Given data:
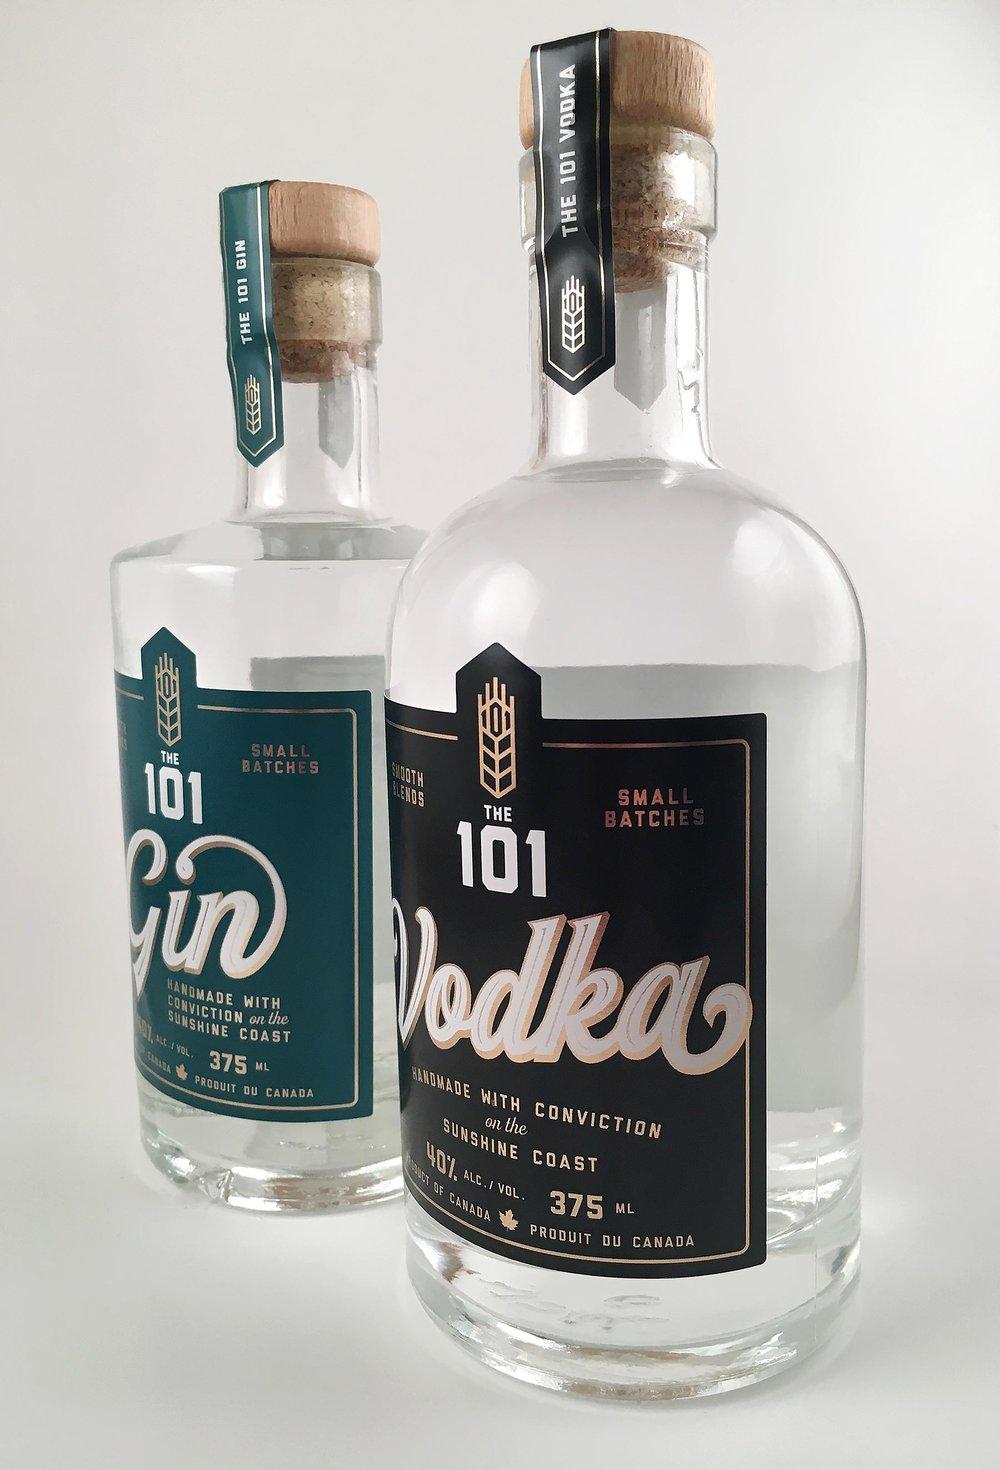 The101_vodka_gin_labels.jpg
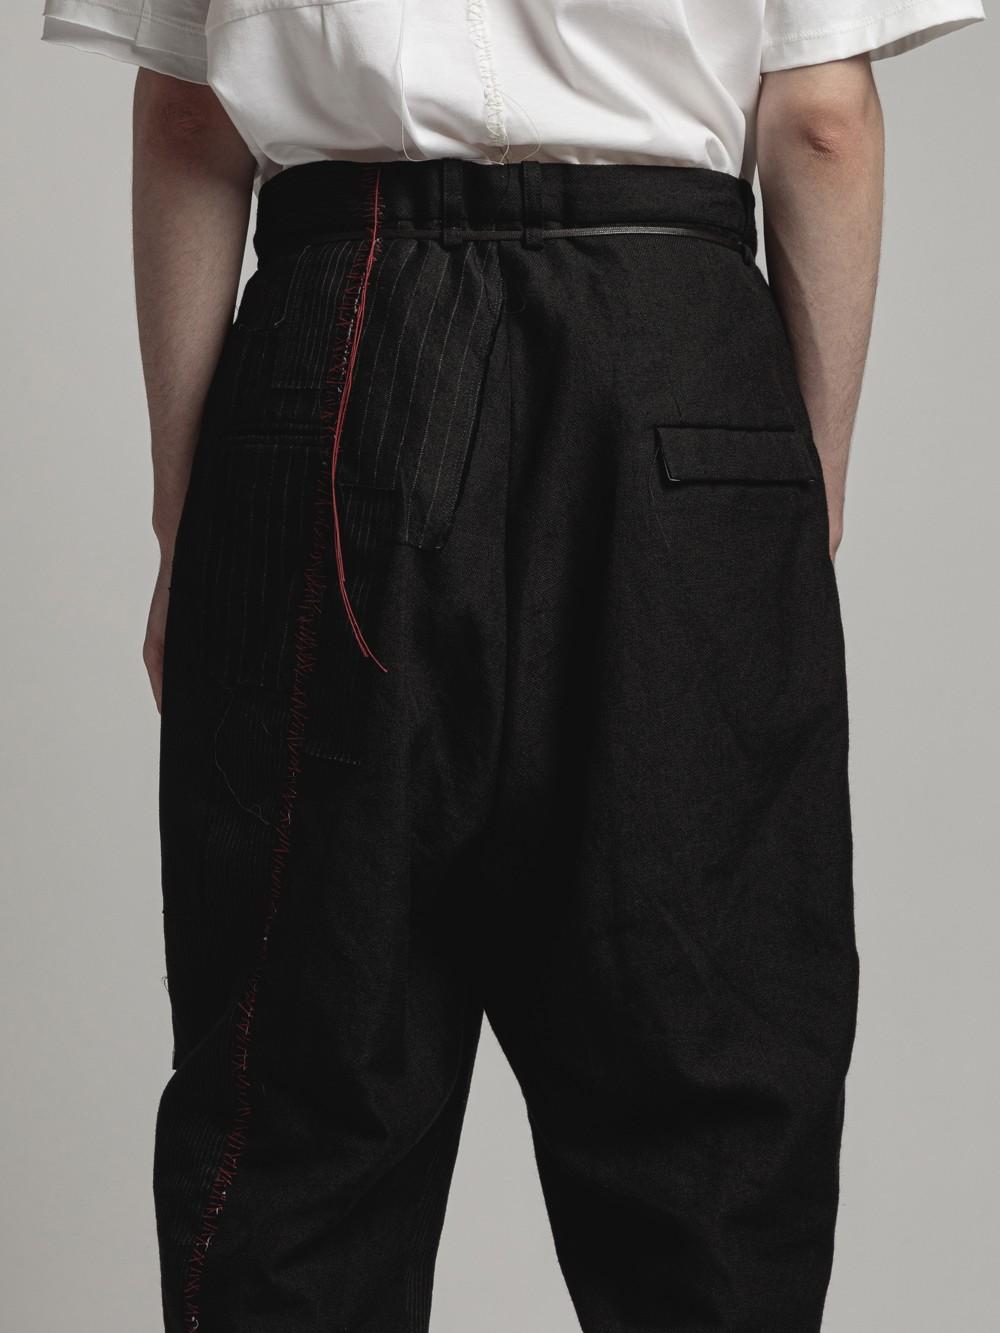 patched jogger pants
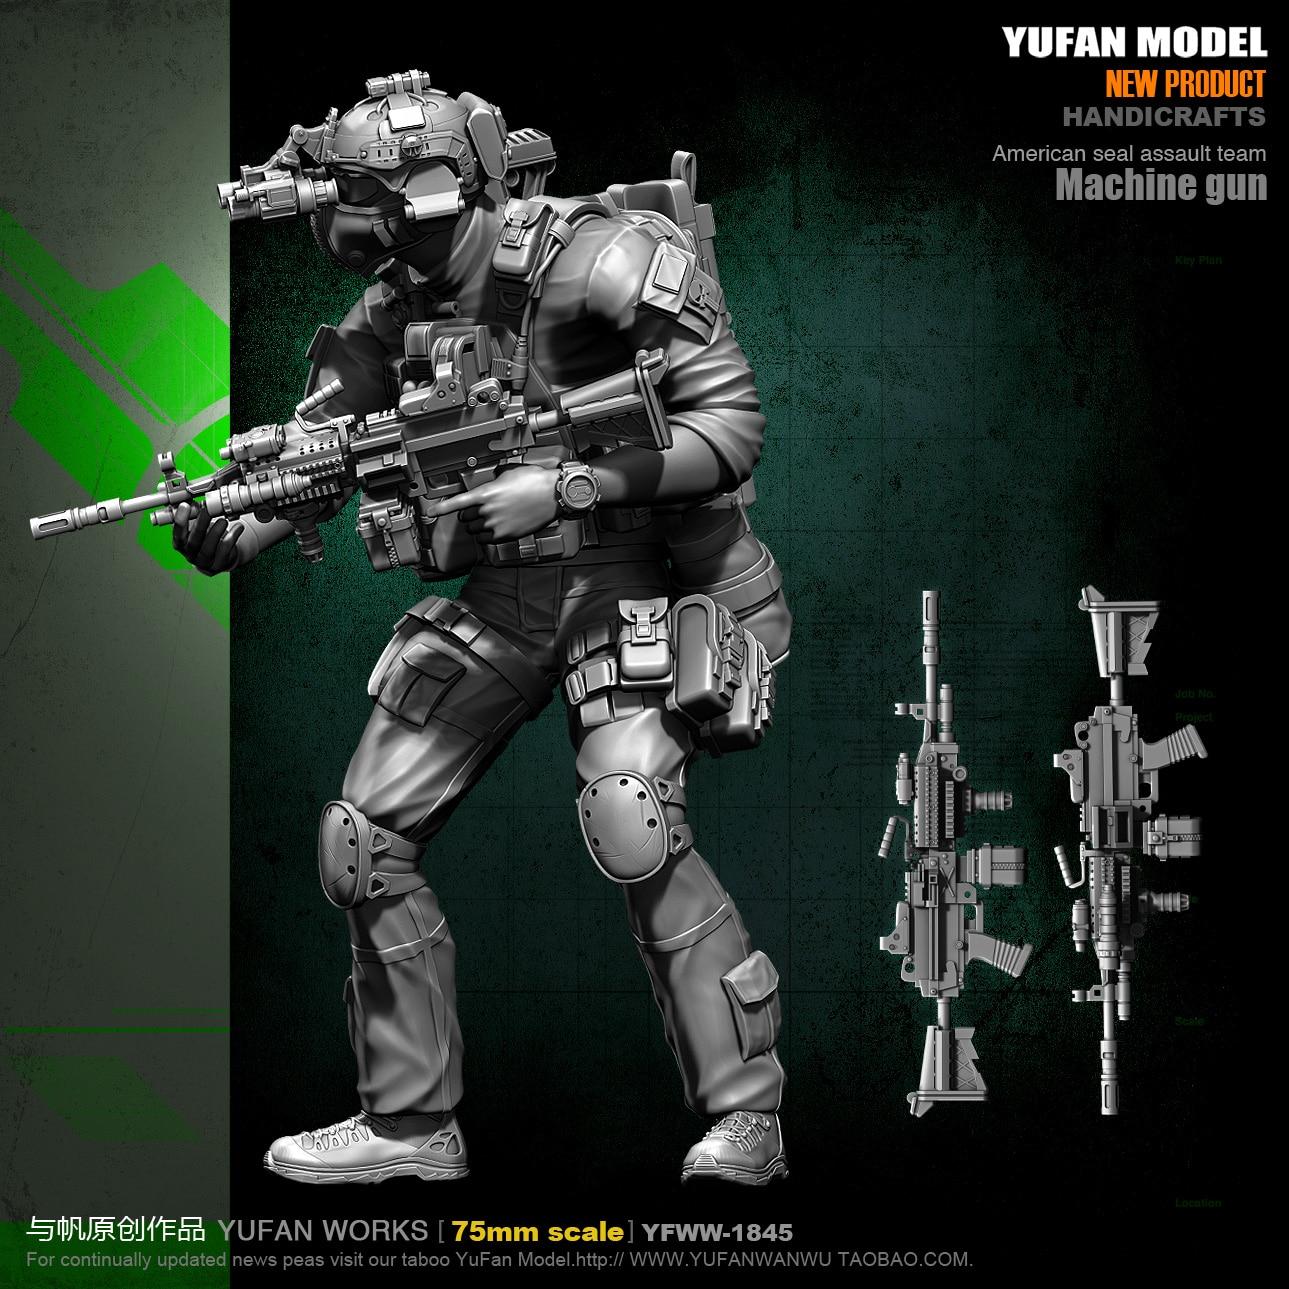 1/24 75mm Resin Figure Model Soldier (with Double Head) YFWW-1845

Activity: Output only these lines, word for word: the line containing "patched jogger pants" and every line after it through the last line of the data. Omit the pictures.

Response for this exercise:
 patched jogger pants
 1/24 75mm Resin Figure Model Soldier (with Double Head) YFWW-1845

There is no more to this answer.